VernacularTitle:雌激素通过非基因效应激活钙离子流调控子宫内膜癌细胞外信号调节激酶通路
Author: Lili ZHANG ; Jianliu WANG
Publication Type:Journal Article
Keywords: Endometrial neoplasms; Calcium; Extracellular signal-regulated MAP kinases; Estrogens
From: Journal of Peking University(Health Sciences) 2015;(3):489-493
CountryChina
Language:Chinese
Abstract: Objective:To study the mechanism on extracellular signal-regulate kinases ( ERK) signal transduction by calcium influx initiated by combination of estrogen with calcium channels or estrogen re-ceptor in endometrial cancer cell Ishikawa. Methods: Confocal test was used to determine the relative calcium mobilization by stimulation of estrodiol together with and without the inhibition of ICI182780 and nifedipine. Western-blotting was used to detect the protein expression of phosphorylated ERK1/2 (P-ERK1/2) in the same condition. Results:The transient calcium flux initiated by 17β-estrodiol (E2) and a membrane-impermeable conjugate of estrogen and bovine serum albumin ( E2-BSA ) , and the calcium mobilization could be inhibited by ICI182780 and nifedipine in 1 min.
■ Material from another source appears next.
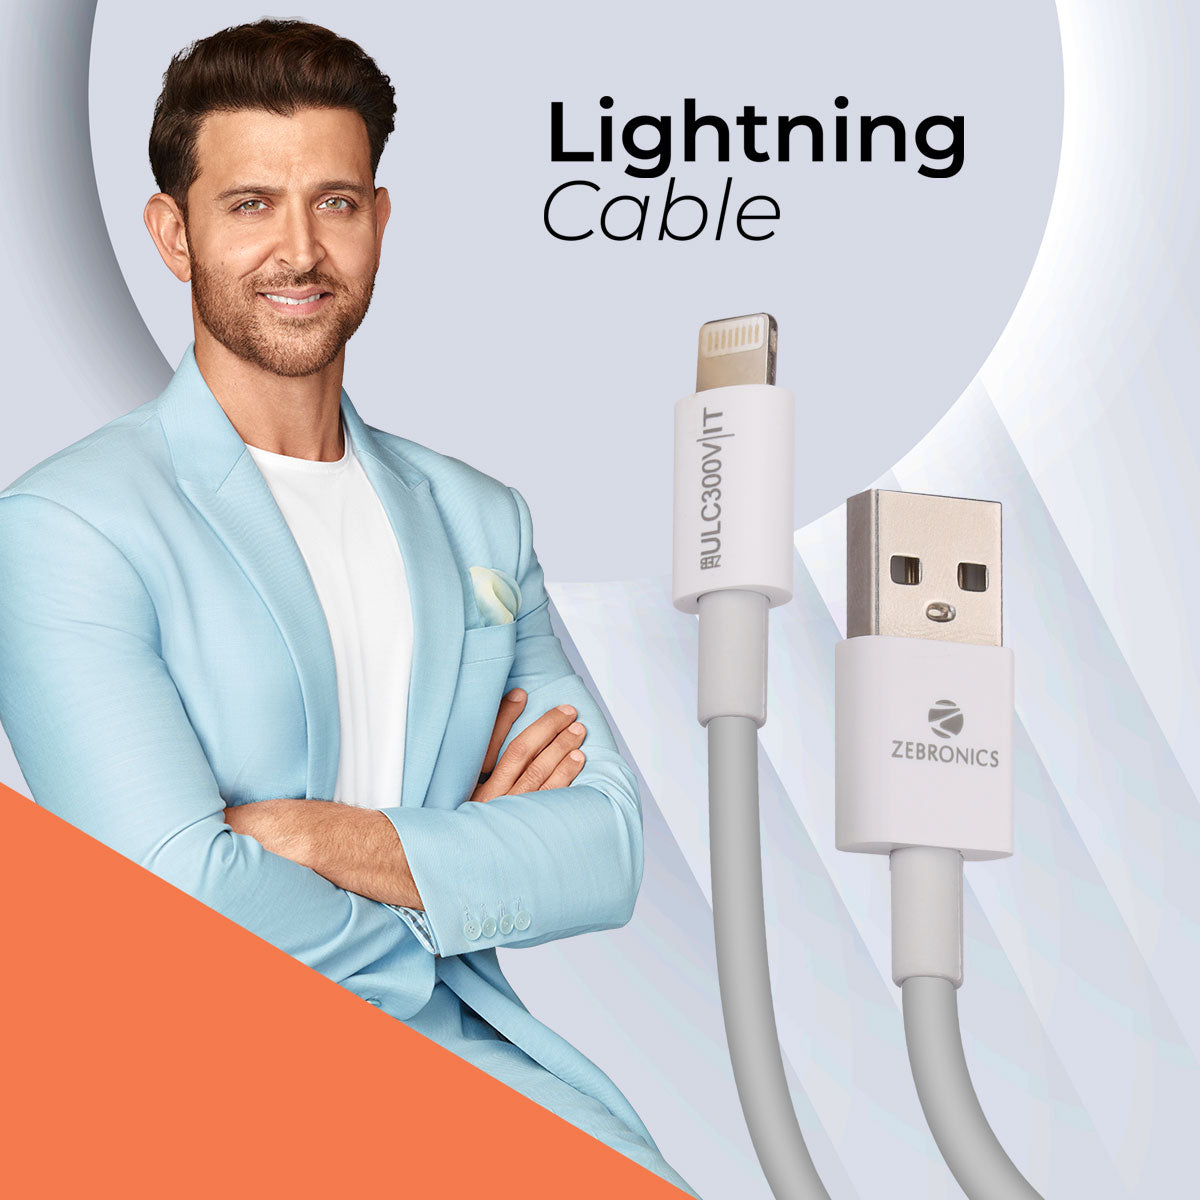 Zeb-ULC300V - Lightning Cable - Zebronics

In Ishikawa cells, phosphorylation of ERK1/2 was stimulated by E2 , and the phosphorylation could not be inhibited by E2 after the combination with ICI182780 in 5 min and in 30 min. The phosphorylation also could not be in-hibited by E2-BSA after the combination with nifedipine in 5 min, but in 30 min the phosphorylation was decreased. The phosphorylation of ERK by E2-BSA was decreased by the combination with nifedipine in 30 min. Conclusion:The transient calcium flux initiated by estrogen has an effect on the activation of ERK signal pathway in endometrial carcinoma cells.